Fri, August 20, 2004

The Untouchables


Hang around the American track and field scene long enough and you feel the need to shower.

It is that dirty and smarmy. It is that corrupt. You listen and believe no one.

Yesterday, here in Athens, U.S. coach George Williams referred to Carl Lewis as the greatest track and field athlete ever, and in another breath vowed that drug cheats will be exposed.

He never bothered to connect the dots.

That is how you operate when you are rich and powerful and American and can lose seven or more potential medal winners to circumstance -- more if you count how many Marion Jones was in for before BALCO -- and still figure to win 15-20 as athletics begins at the Olympics today.

If you're American, you sell hard. You market your youngest team in history. You talk optimistically about the fight against doping. You tell stories about the opportunities for new names in track. And you keep on paddling.

Because you're American -- and about the only thing Americans do better than sprint is spin.

World record-holder Tim Montgomery isn't here. Torri Edwards isn't here. Kelli White isn't here. The Harrisons, Alvin and Calvin, aren't here. Regina Jacobs retired. It wasn't the literacy test they failed.

"There have been 20,000 positive drug tests since Ben Johnson and I'm still the Antichrist," Charlie Francis, the banned Canadian track coach, muttered.

He wouldn't be either if he was American. They used to have a way of making these matters of concern disappear.

And bless them, the Americans have a most remarkable fountain of athletes. Their list of absentees would devastate any other nation in the track world. Their team is made up of, in no particular order 1) those who qualified and 2) those who didn't flunk drug tests.
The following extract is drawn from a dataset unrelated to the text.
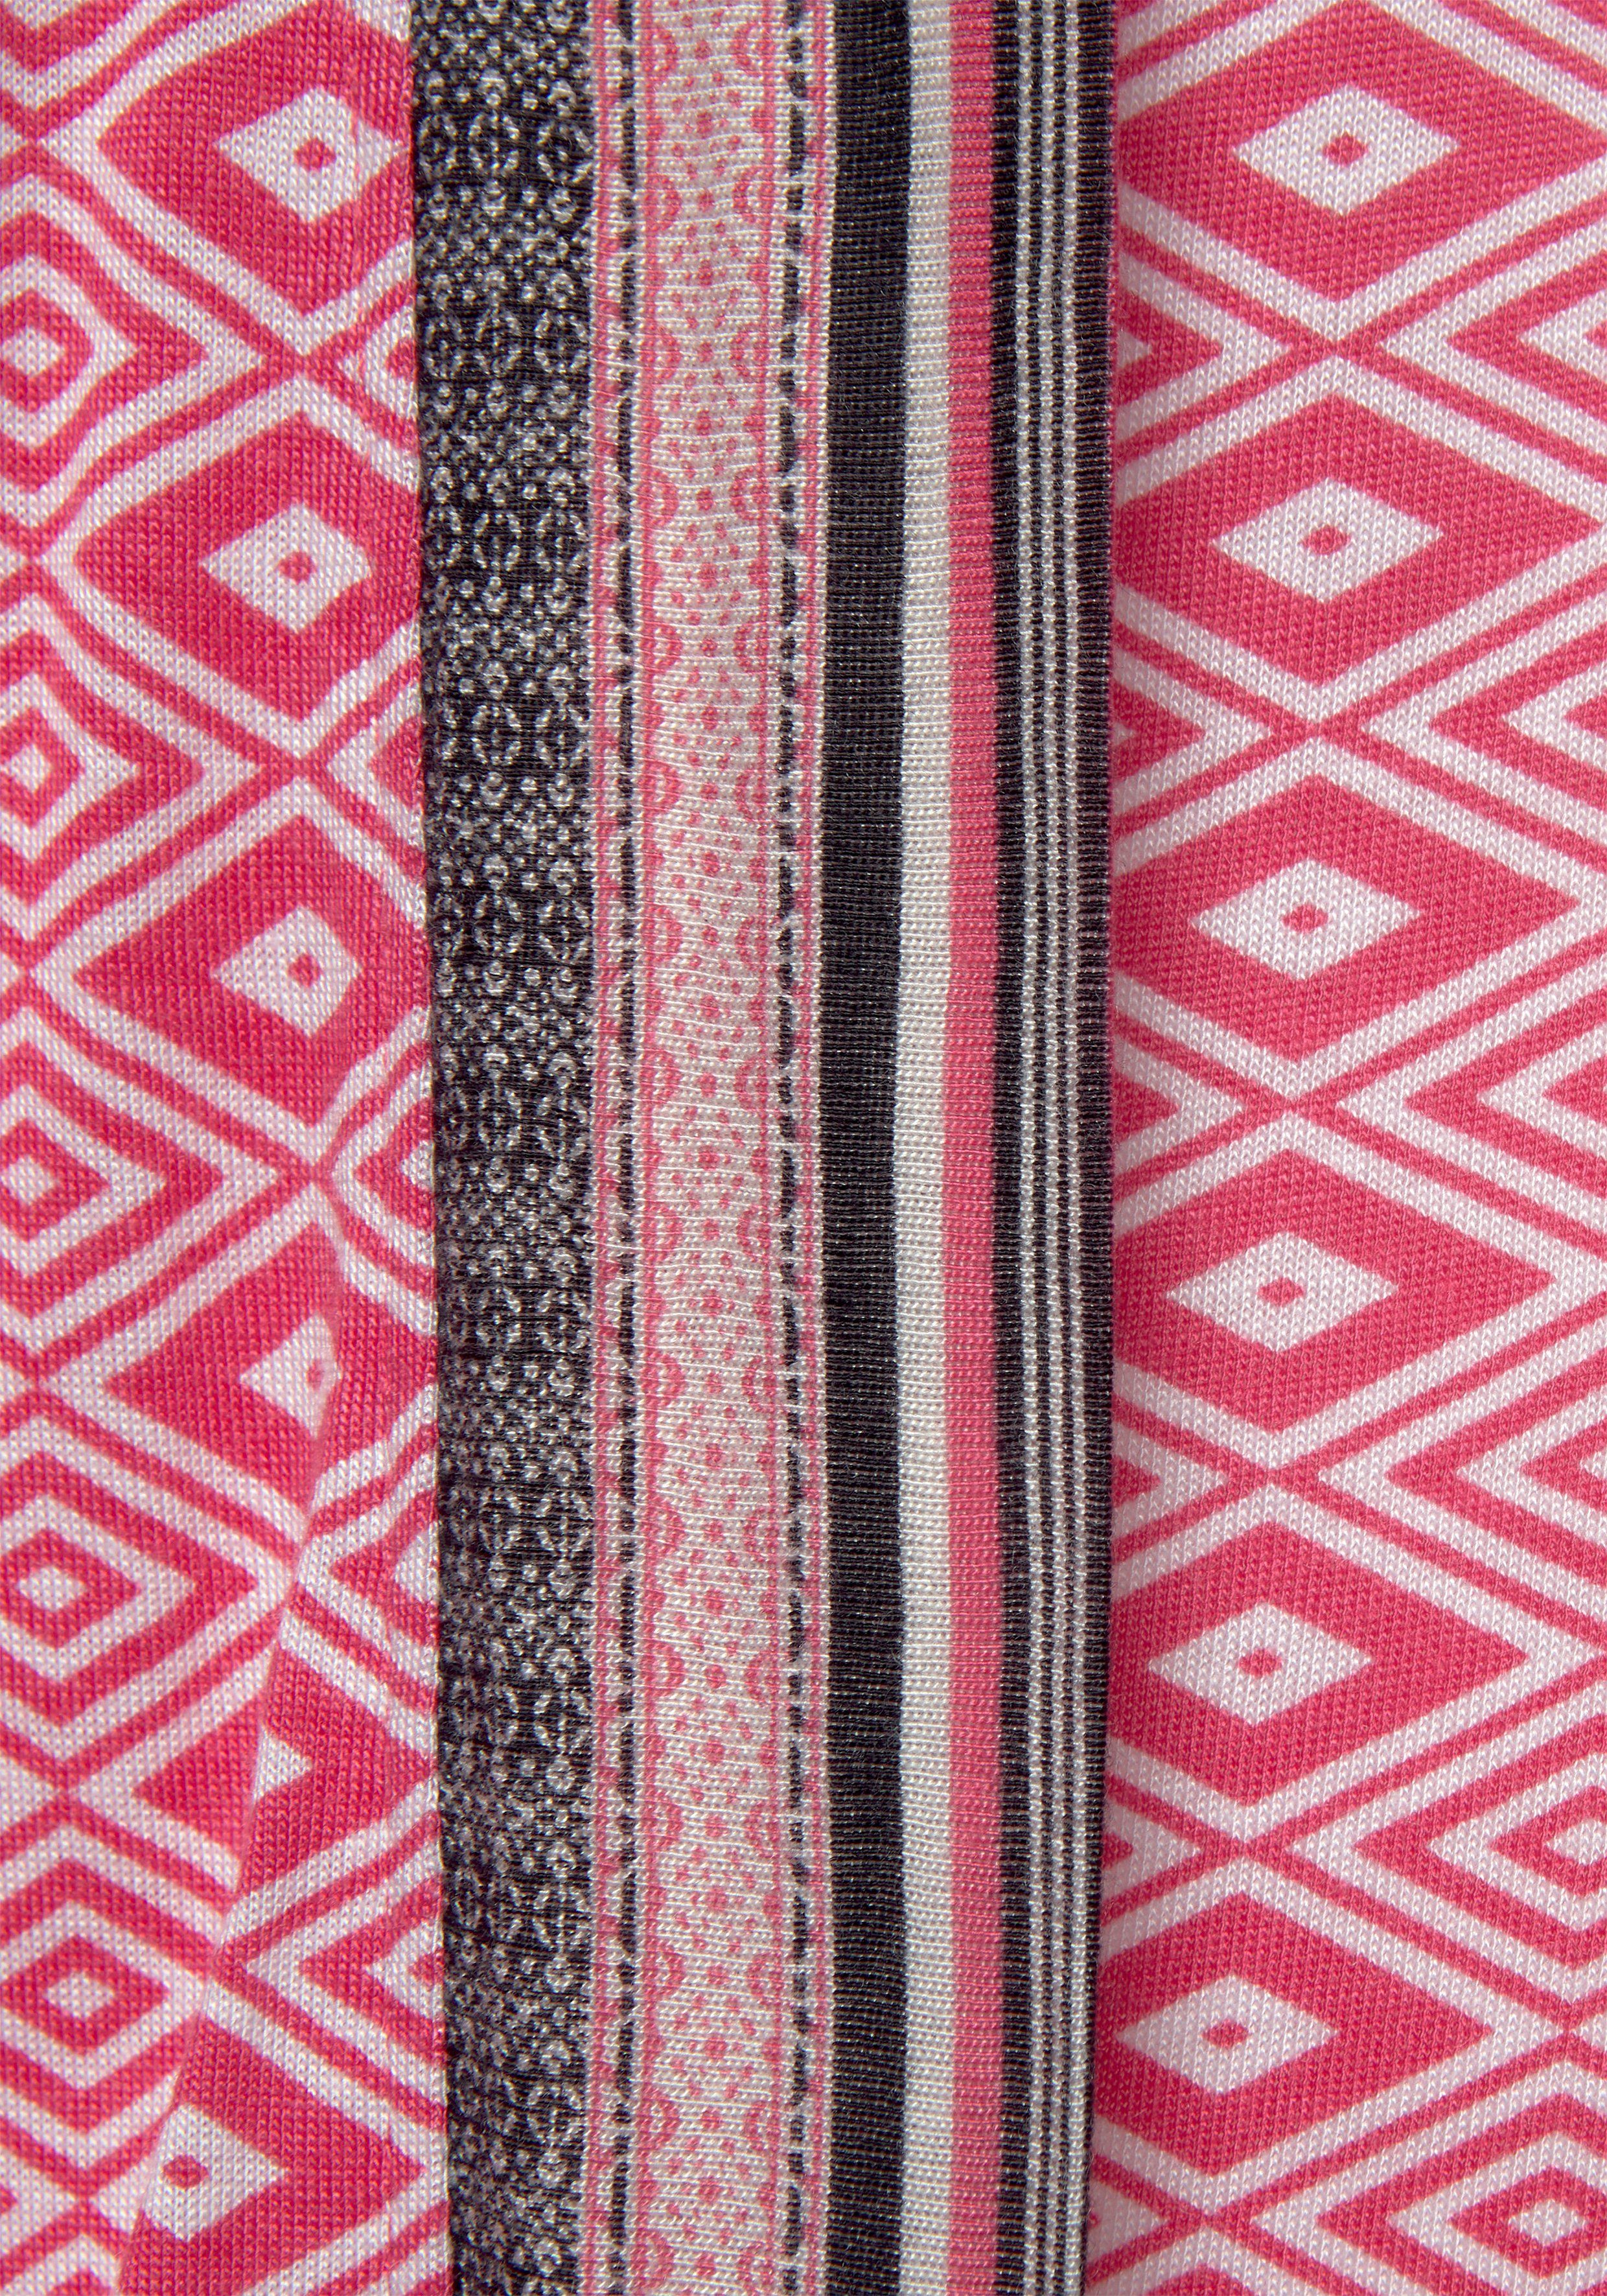 Vivance Dreams Kimono, pink Single-Jersey, Gürtel, Kurzform, schönem gemustert Ethno-Design Kimono-Kragen, in

"I have nothing to say about anyone who is not here," coach Williams said. "Everybody is looking at track and field right now with a cloud over its head. My concern now is that we go through this Olympics without the rain."
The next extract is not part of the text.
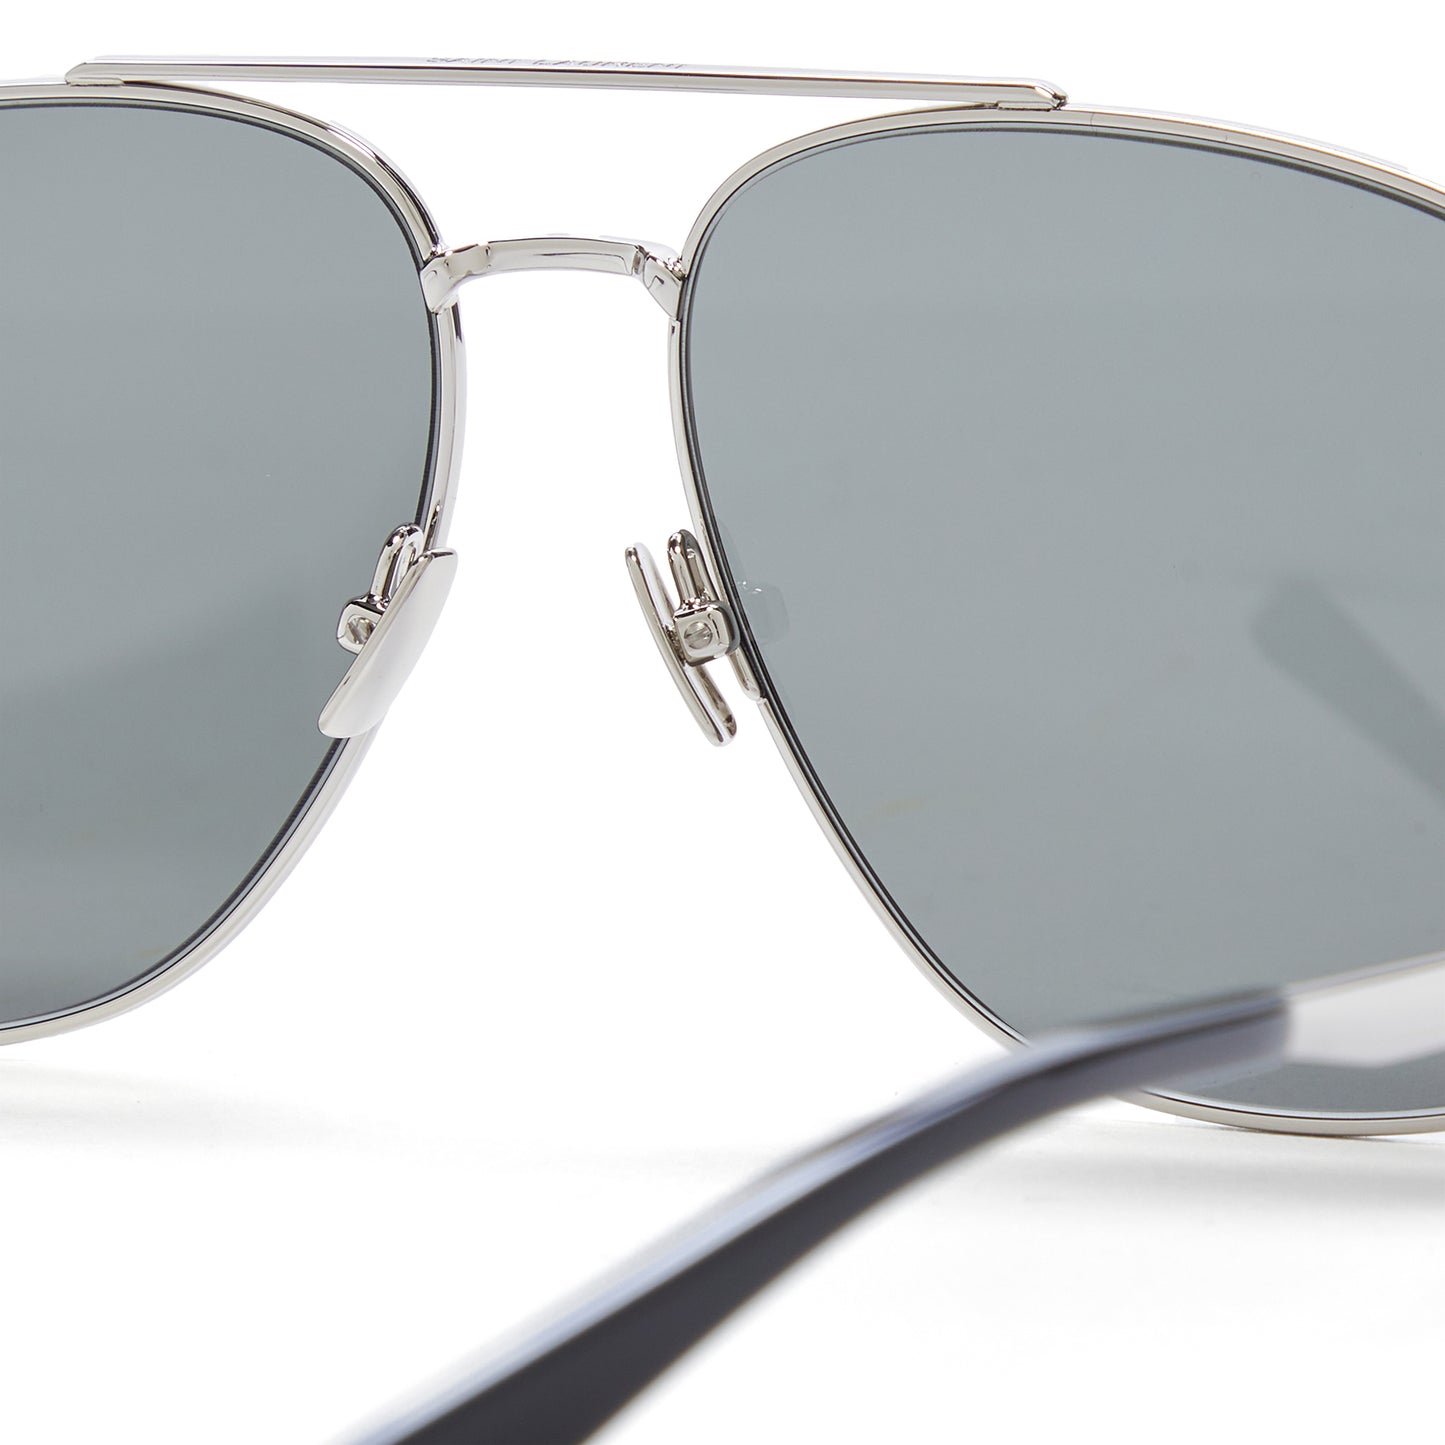 Saint Laurent SL 653 Sunglasses (Silver/Grey)

Once upon a time, it could rain on the Americans and no one would get wet. If you were American, you could buy your way out or bully your way out of a positive test. But the Greeks couldn't do it with Kostas Kenteris and Katerina Thanou at these Olympics: The belief is, as much as the chemistry forever remains ahead of the testing, not even the Americans can be that intrusive anymore

"If they can go after Marion Jones, nobody is safe," said Renaldo Nehemiah, the former hurdler who manages Perdita Felicien's career, knowing full well about the historical blind eye the Americans have turned to failed drug tests.

"I know there were more people cheating than what has been announced. I can't tell you who they were, but we can think of who they might be."

Maurice Greene, the 100-metre sprinter, most recently was tested on Aug. 12. For now, he is clean Greene. For now. The last time Marion Jones was tested is not known and she's not exactly sharing that information. The allegations about her getting busted are everywhere.

"We deal with allegations all the time," Sue Humphrey, the U.S. women's head coach, said. "There are always rumours and allegations."

"I don't think anybody will take the chance (to get caught) here," said Williams, who made a speech to his athletes Wednesday, urging them to "respect your family, yourself and the American flag." And then he repeated it five times in case anyone wasn't paying attention.

Still, they are poised for an incident, ready to be embarrassed, hoping the right urine ends up in the right test tube.

This is hold-your-breath time. But the distance between athlete and coach remains, however sketchy that may be.

"We don't live with these athletes 24/7," Humphrey said. "We can't know what they're doing all the time."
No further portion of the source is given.